Tenofovir-Related Nephrotoxicity: Case Report and Review of the Literature

Christopher W. James, Pharm.D.; Mary C. Steinhaus, A.N.P.; Susan Szabo, M.D.; Robert M. Dressler, M.D.


Pharmacotherapy. 2004;24(3) 

In This Article

Case Report

A 54-year-old man who came to the outpatient clinic was diagnosed with new-onset renal insufficiency. He had been diagnosed with HIV infection 12 years earlier. His medical history was also significant for hypertension, which had been well controlled with lisinopril 10 mg/day for over 2.5 years. His HIV infection was well controlled with a drug regimen consisting of lopinavir-ritonavir, nevirapine, stavudine, and lamivudine, all of which were started a little over 2 years before his clinic visit.

Approximately 7 months before his clinic visit, the patient developed peripheral neuropathy. At that time, the patient's CD4+ count was 402 cells/mm3 and his HIV RNA was less than 50 copies/ml. Stavudine was discontinued and tenofovir 300 mg/day was begun; the other antiretroviral agents were continued. The patient's renal function was within normal limits, with blood urea nitrogen (BUN) and serum creatinine levels of 18 and 1.2 mg/dl, respectively. Urinalysis 2 months later was also within normal limits.

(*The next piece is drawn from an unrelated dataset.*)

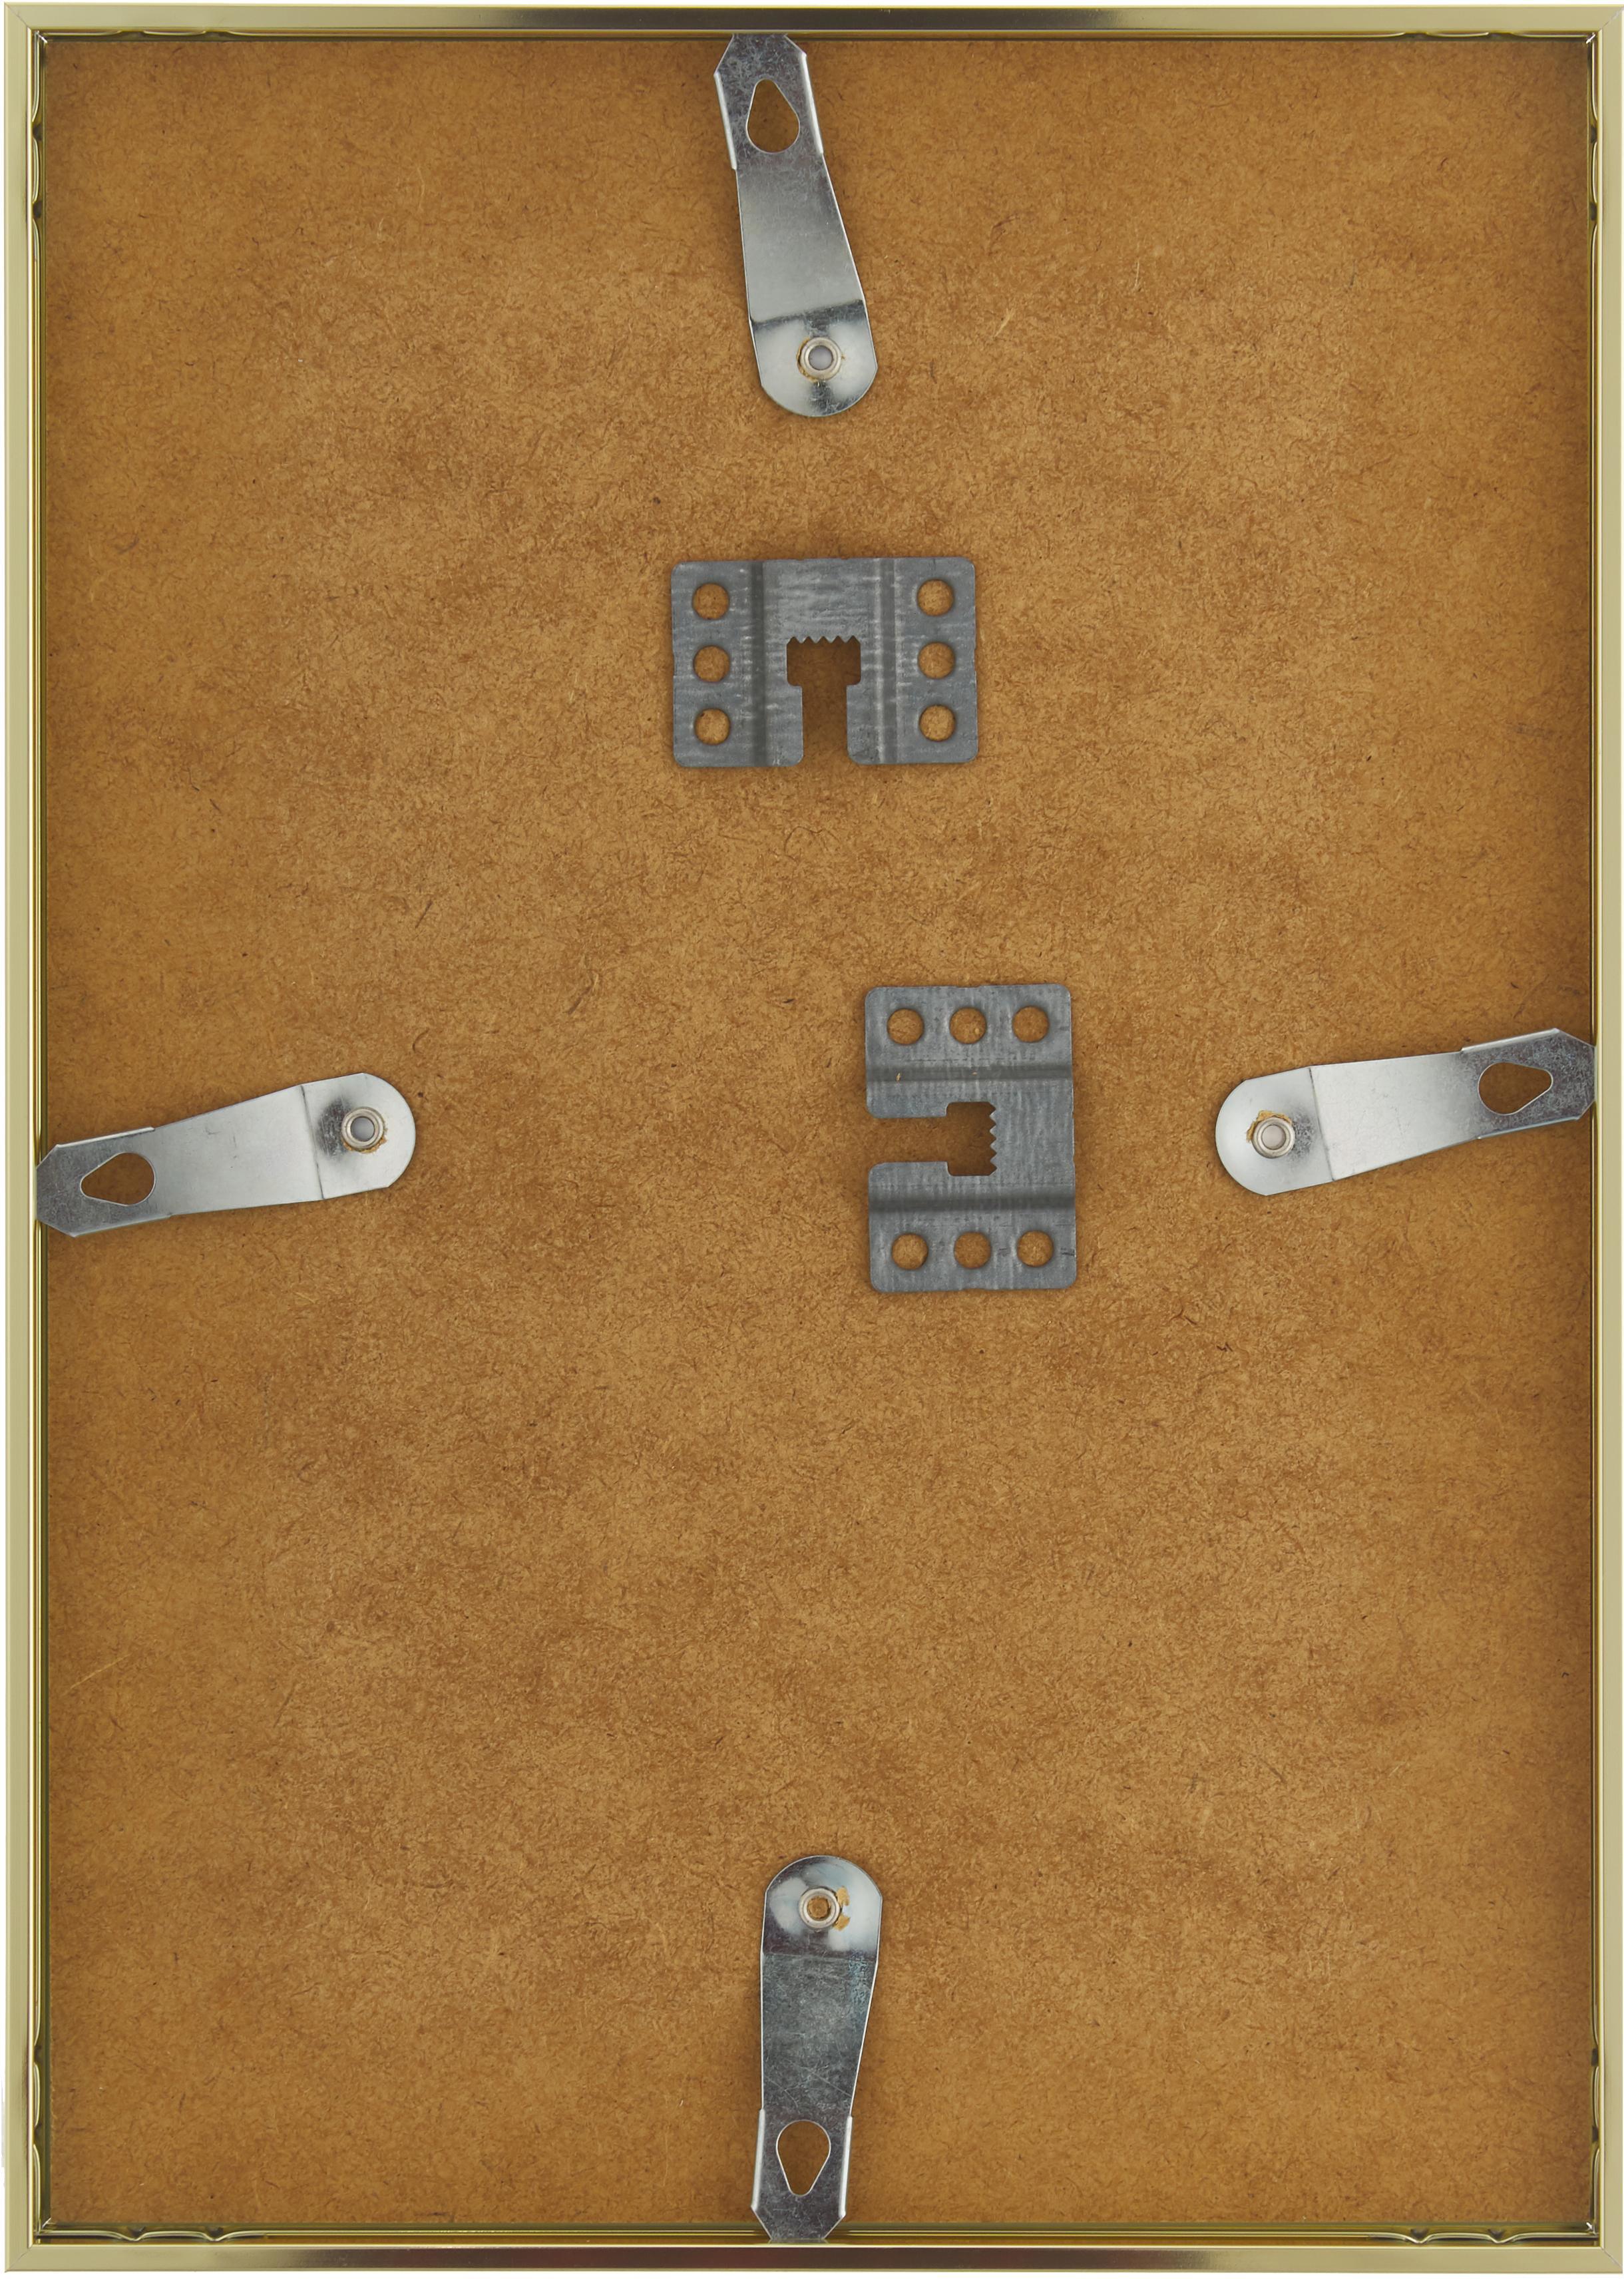 Ramka na zdjęcia Accent, Odcienie mosiądzu, 21 x 30 cm

At the patient's clinic visit, 7 months after the start of tenofovir therapy, his BUN level had increased to 40 mg/dl (normal range 8-22 mg/dl) and serum creatinine level to 3.0 mg/dl (0.8-1.3 mg/dl). Urinalysis revealed protein 2+, glucose 1 g/dl, and hyaline and granular casts. Serum carbon dioxide had decreased to 20 mEq/L (24-32 mEq/L). The patient's HIV infection remained well controlled, with a CD4+ count of 536 cells/mm3 and HIV RNA less than 50 copies/ml. Lisinopril was discontinued, but 1 week later, BUN and serum creatinine levels were 35 and 2.7 mg/dl, respectively.

A month after the patient's clinic visit, urinalysis still revealed protein 2+, glucose 1 g/dl, and hyaline and granular casts. Further laboratory analysis showed a serum glucose level of 71 mg/dl (normal range 70-120), uric acid 2.0 mg/dl (3.8-8.0), and phosphorus 2.0 mg/dl (2.5-4.5). We suspected that tenofovir was contributing to the patient's renal insufficiency, leading to renal losses of phosphate, glucose, uric acid, and protein. Thus, drug-induced Fanconi's syndrome was considered, and tenofovir was discontinued. Antiretroviral therapy was modified with the restart of stavudine; the other agents were continued.

The patient's BUN and serum creatinine levels began to improve 1 week after tenofovir was stopped, and continued to return to normal along with other laboratory parameters. At 12 weeks, laboratory values demonstrated a BUN level of 23 mg/dl, serum creatinine 1.6 mg/dl, phosphorus 2.8 mg/dl, uric acid 3.7 mg/dl, carbon dioxide 28 mEq/L, and glucose 79 mg/dl; urinalysis was negative for protein and glucose. After modification of antiretroviral therapy, the patient's viral load remained undetectable (< 50 copies/ml) and his CD4+ count was stable at 272 cells/mm3.